Over the past twenty years, Neshat has created large bodies of work as well as feature films, including Looking For Oum Kulthum (2017), which was screened at London’s British Museum in 2018, and Women Without Men (2009), which won her the best director award at the Venice Film Festival that year. In 2018, Neshat unveiled her portrait of Pakistani education activist Malala Yousazai at The National Portrait Gallery.
In addition to directing the opera Aida at the Salzburg Festival in 2017, the artist has had a series of major international exhibitions over the years. These include a recent retrospective at The Broad in Los Angeles (2019- 2020) as well as solo exhibitions at Museo Correr in Venice (2017); Hirshhorn Museum and Sculpture Garden in Washington D.C (2015); Stedelijk Museum CS, Amsterdam (2006) and Hamburger Bahnhof, Museum Fur (2005).
Neshat has been the recipient of several prestigious awards, including the Praemium Imperiale Award in Tokyo (2017), the Crystal Award, World Economic Forum, in Davos, Switzerland (2014), the Silver Lion, 66th Venice Film Festival (2009) and the First International Prize at the 48th Venice Biennale (1999).
Shirin Neshat (b. 1957, Qazvin, Iran) completed her education in the USA in 1974, five years later the Islamic Revolution prevented her from returning to her home country for almost twenty years. Her personal experiences as a Muslim woman in exile have informed her practice in which she employs photography, video installation, cinema and performance to explore political structures that have shaped the history of Iran and other Middle Eastern nations. Neshat portrays the alienation of women in repressive Muslim societies interrogating the role reserved for women Islamic value systems. In her practice, she employs poetic imagery to engage with themes of gender and society, the individual and the collective, and the dialectical relationship between past and present, through the lens of her experiences of belonging and exile.

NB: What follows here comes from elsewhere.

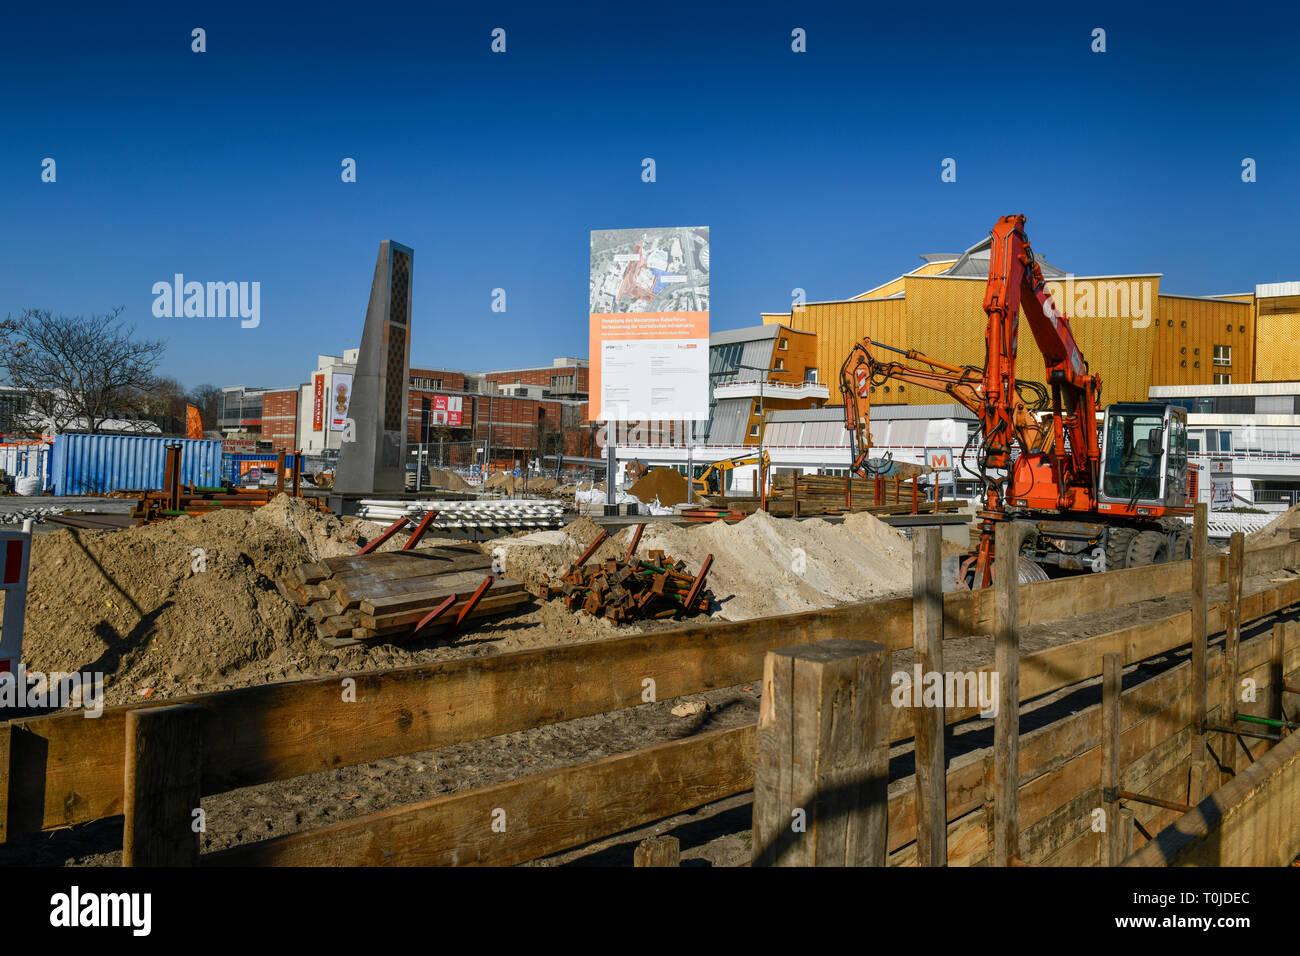 Construction works, cultural forum, Potsdam street, zoo, middle, Berlin, Germany, Bauarbeiten, Kulturforum, Potsdamer Straße, Tiergarten, Mitte, Deuts - Stock Image
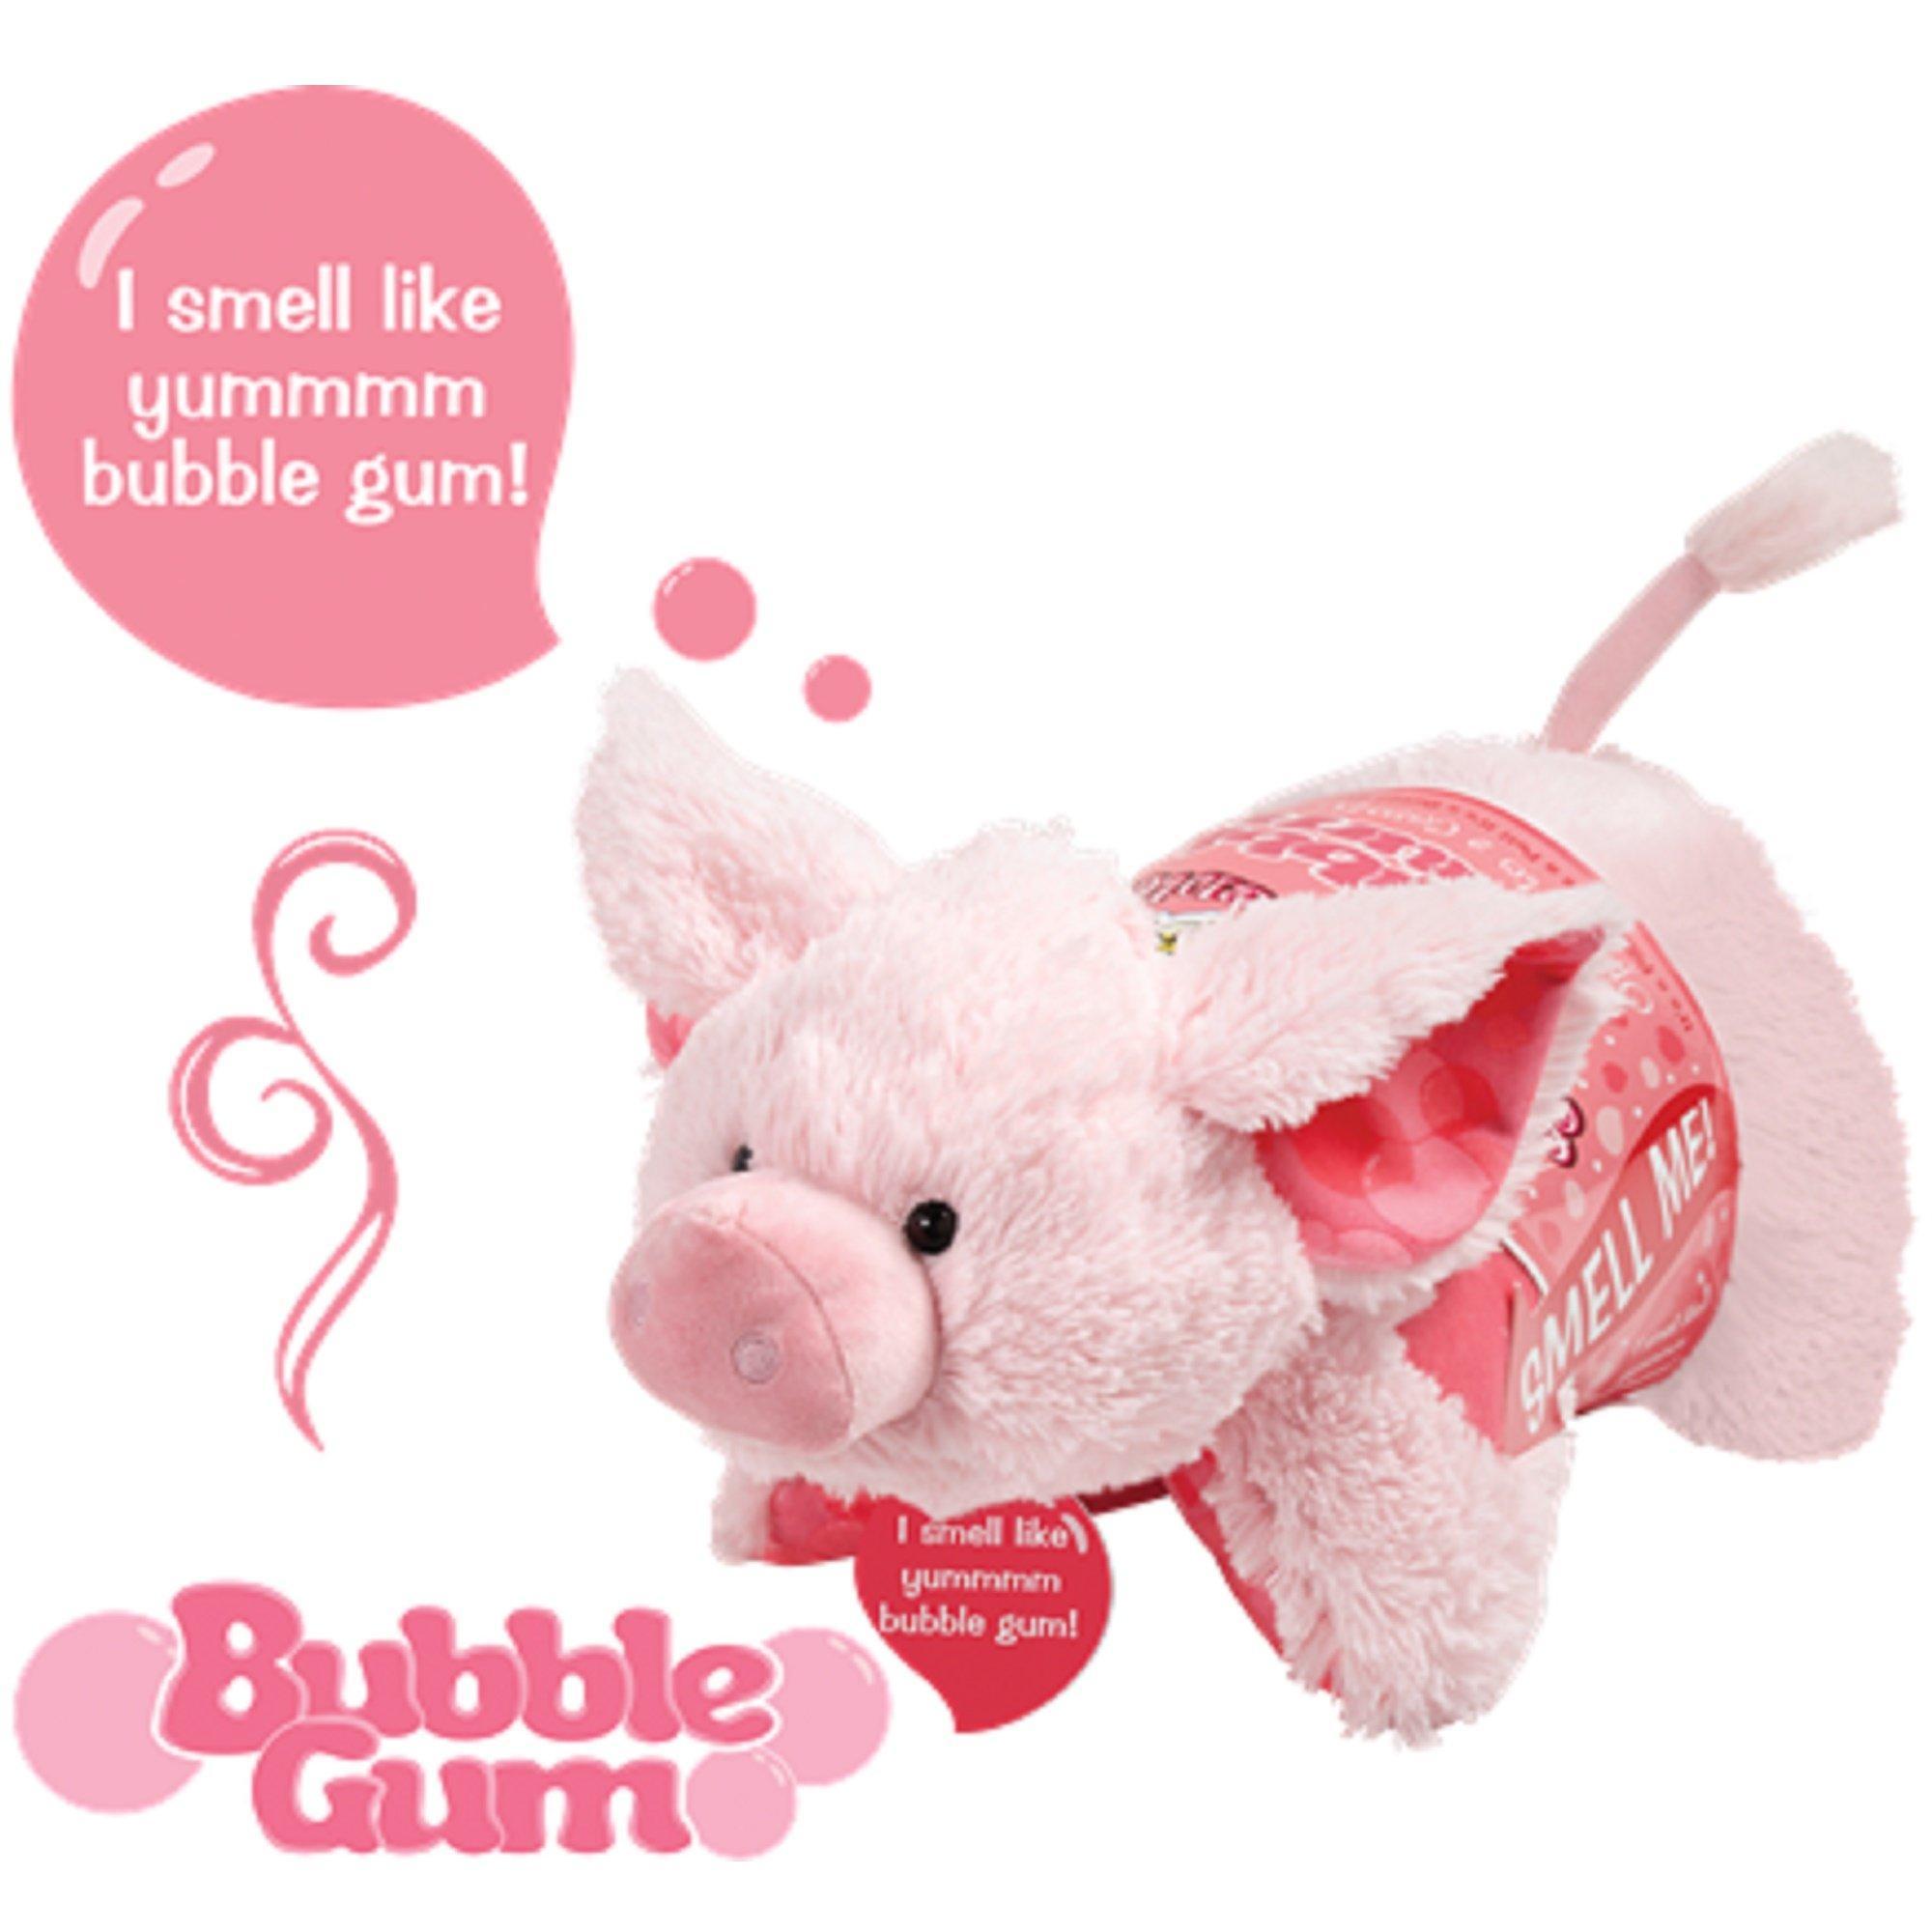 sweet scented bubble gum pig pillow pet gamestop

She has mounted numerous solo exhibitions at museums internationally, including: the Hirshhorn Museum and Sculpture Garden, Washington D.C.; Stedelijk Museum, Amsterdam; the Serpentine Gallery, London; Hamburger Bahnhof, Berlin; and the Musée d’art contemporain de Montréal. Recent solo exhibitions include: Kunstraum Dornbirn, Austria; Faurschou Foundation, Copenhagen; Kunsthalle Tübingen, Germany; and Museo Correr, Italy, which was an official corollary event to the 57th Biennale di Venezia in 2017. A major retrospective of her work was exhibited at the Detroit Institute of Arts in 2013. Neshat was awarded the Golden Lion Award, the First International Prize at the 48th Biennale di Venezia (1999), the Hiroshima Freedom Prize (2005), and the Dorothy and Lillian Gish Prize (2006). In 2009, Neshat directed her first feature-length film, Women Without Men, which received the Silver Lion Award for “Best Director” at the 66th Venice International Film Festival. Dreamers marked her first solo show on the African continent, which exhibited at Goodman Gallery Johannesburg in 2016. That same year, Neshat featured in the New Revolutions: Goodman Gallery at 50 exhibition in Johannesburg and in the Summers group exhibition at Goodman Gallery Cape Town. In 2017, Neshat was awarded the prestigious Praemium Imperiale award for Painting. That same year, Neshat directed Giuseppe Verdi’s Aida at the Salzburg. In 2017, Neshat was awarded the prestigious Praemium Imperiale award for Painting. That same year, Neshat directed Giuseppe Verdi’s Aida at the Salzburg. The Broad Museum in Los Angeles recently hosted a survey exhibition of the last 25 years of Neshat’s work.
The artist lives and works in New York, USA.